Я знаю, что это такое, когда не дают лагерного номера: его, Самойлова, должны расстрелять. Он живет пока на тринадцатом блоке — его лишь вчера привезли в Маутхаузен. Его не посадили ни в бункер, ни на карантин — они переполнены. В последнее время, чуя свой близкий конец, эсэсовцы вообще прекратили всякую маскировку и открыто казнят людей.
Цепочка делается все короче. Дует пронизывающий ноябрьский ветер. А где-то на полях Польши и Румынии бушует огонь орудий, рычат танки, стремительно проносятся над бурой землей краснозвездные штурмовики. Идет война… Стучит выстрел.
— Тебя не должны расстрелять, — говорю я Самойлову. — Иди отдыхай.
Мы прощаемся. Он уходит.
Я бегу переулками ко второму блоку. Темнеет, в бараках зажигается свет. Я вижу Валерия, он разговаривает с высоким угловатым человеком. Этот высокий— полковник Шаншеев. Я останавливаюсь шагах в десяти и жду. Валерий кивает мне. Я жду минут семь. Наконец они заканчивают. Я подхожу к Валерию. Я рассказываю ему о Самойлове, я прошу спасти Самойлова. Я знаю, что нашей организации иногда удается спасать от смертной казни. Я знаю, как это делается. Надо только найти способ отправить Самойлова в лазарет — там наши люди дадут ему номер умершего. Надо переправить Самойлова в лазарет немедленно, утром. Я бесконечно верю в силу нашей организации, и я прошу Валерия сделать все возможное, чтобы отправить Самойлова в лазарет…

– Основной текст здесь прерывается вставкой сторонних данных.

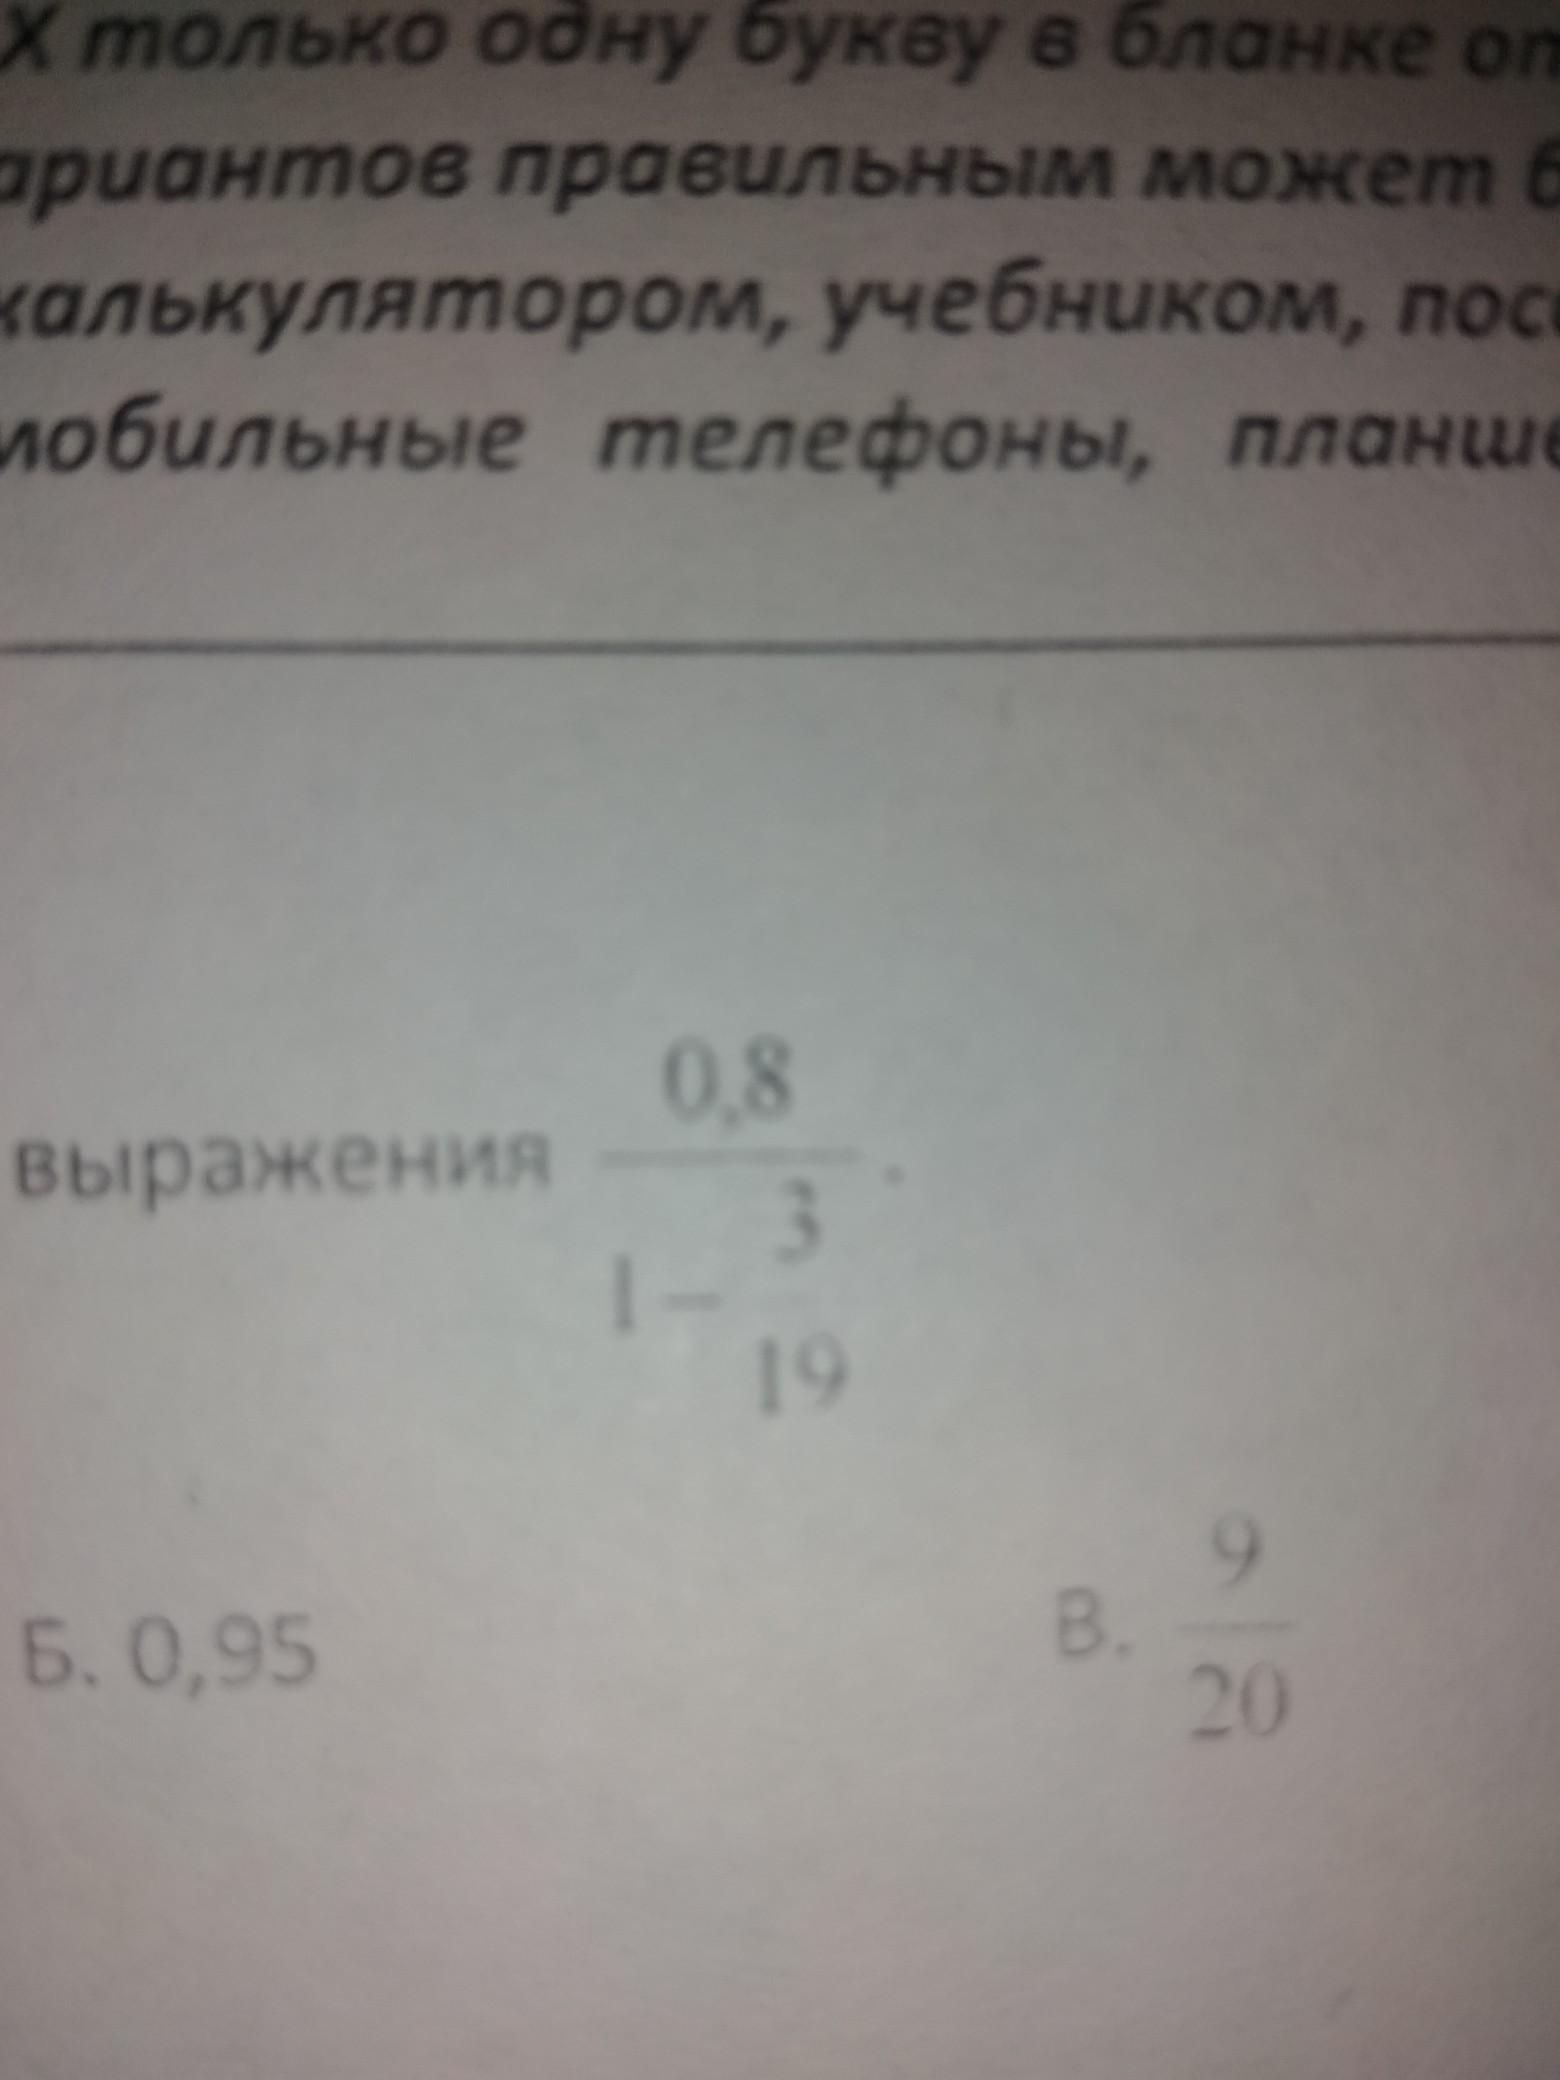 Алгебра калькулятор решение задач решение задач средней хронологической
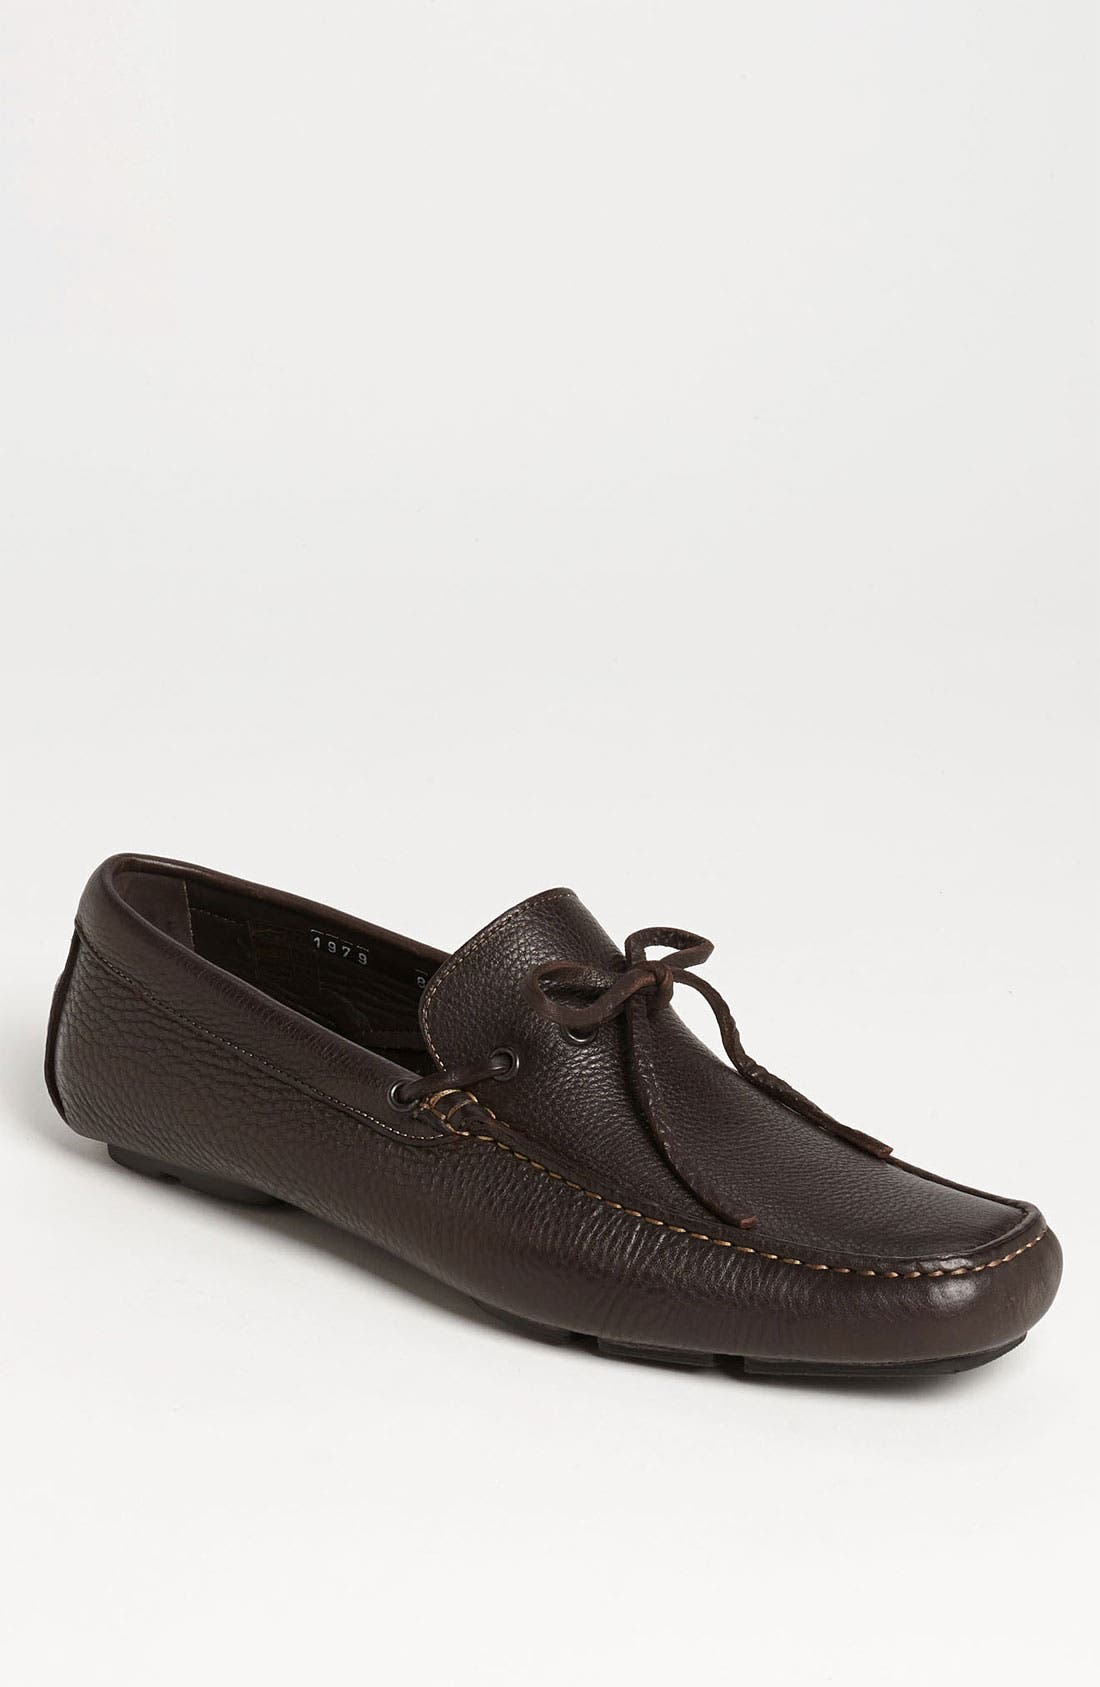 Main Image - To Boot New York 'Watson' Driving Shoe

Валерий не должен отказывать мне. Он должен помочь. Прежде всего потому, что Самойлов — достойный человек, коммунист, патриот: он тоже боролся в плену… Я редко обращаюсь к Валерию с просьбами, и он не должен отказать. Недавно мне удалось сочинить стихотворение, которое похвалил Франц Далем, бывший редактор «Роте фане», друг Эрнста Тельмана. Стихотворение перевели на немецкий, французский и испанский. Его назвали гимном узников Маутхаузене. Конечно, нехорошо, что я напоминаю об этом, но пусть Валерий поймет меня… Я уже не говорю об авиационных мастерских. С того времени, как закончили их строить и нас, чернорабочих, стали насильно обучать слесарному делу, а потом с помощью гражданских мастеров заставили собирать в этих мастерских детали крыла самолета, — с того времени я со своими товарищами рискую головой каждый час (мы налаживаем выпуск деталей со скрытым браком), и Валерию все это известно…Я очень прошу, очень, очень: Самойлова надо спасти.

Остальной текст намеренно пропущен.